The assessee challenged the inclusion of several companies as comparables, arguing that they failed to meet the criteria for comparability. However, the additional ground raised by the assessee regarding these companies was dismissed as not pressed during the hearing.

2. Working Capital Adjustment:
The TPO computed the working capital adjustment using the formula from the OECD Guidelines, 2010, adopting a rate of 12.68% p.a. based on the PLR (Prime Lending Rate) of SBI for short-term working capital loans. The working capital adjustment was computed at 1.87%.

The assessee's counsel pointed out that the ALP (Arm's Length Price) determined by the TPO prior to the working capital adjustment was 23.65%, compared to the assessee's determined ALP of 14.87%. The TPO only accepted one comparable from the assessee's TP report, rejecting the remaining 41 comparables.

3. Exclusion of Foreign Currency and Telecommunication Charges from Export Turnover:
The assessee contended that expenditure incurred in foreign currency and telecommunication charges should be excluded from the export turnover for computing the deduction u/s 10A of the Act. The Tribunal relied on the decision of the Hon'ble Karnataka High Court in Tata Elxsi Ltd. (349 ITR 98), which held that any expenditure excluded from the export turnover must also be excluded from the total turnover.

4. Computation of Deduction u/s 10A after Setting Off Brought Forward Depreciation Losses:
The AO had set off the brought forward depreciation while computing the deduction u/s 10A. The assessee argued that this issue was covered by the decision of the Hon'ble Karnataka High Court in Yokogawa India Ltd. (341 ITR 385). The Tribunal noted that the AO proceeded with the set-off despite the Revenue challenging the High Court's decision before the Supreme Court.
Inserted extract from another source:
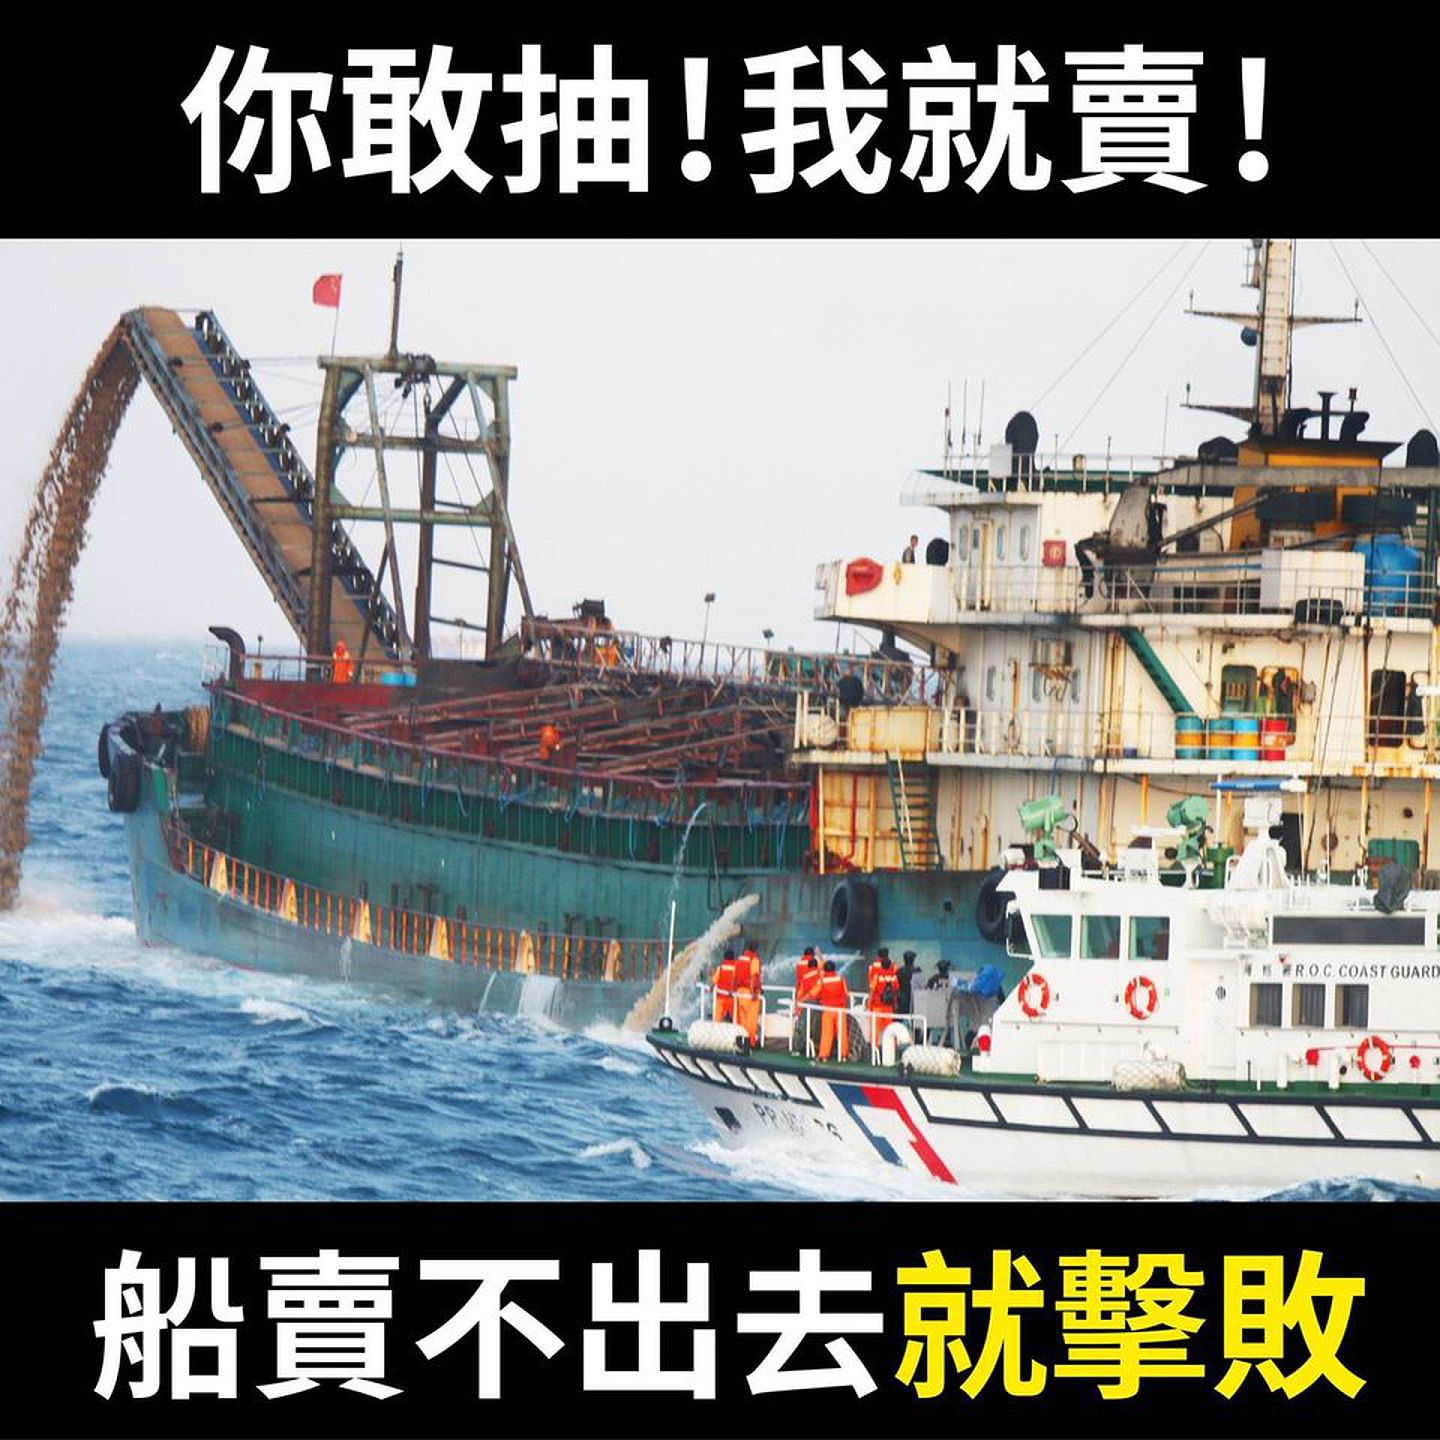 台湾海洋委员会7月29日曾在脸书（Facebook）上统计，自2020年1月至7月底止，海巡舰艇已驱离中国大陆抽砂船共2,988艘，数量远超于2017年所驱离的2艘、2018年的71艘、2019年的600艘。海委会并宣告，“你敢抽，我就卖！船卖不出去就击败，做成军方靶或击沉当鱼礁！”（Facebook@海洋委员会）

The Tribunal referred to its decision in Safran Aerospace India Ltd., where it held that brought forward losses and unabsorbed depreciation cannot be set off for computing the deduction u/s 10A, following the principle that where two views are possible, the one favoring the assessee should be adopted.

Conclusion:
The Tribunal directed the AO/TPO to exclude Celestial Biolabs Ltd. from the final set of comparables and to verify the assessee's claim that the arithmetic mean of the comparables would fall within the acceptable range after this exclusion, thus deleting the TP adjustment. The issue of setting off brought forward depreciation losses was remitted to the AO for fresh consideration in line with the Tribunal's decision in S.R.A. Systems Ltd. The appeal was partly allowed for statistical purposes.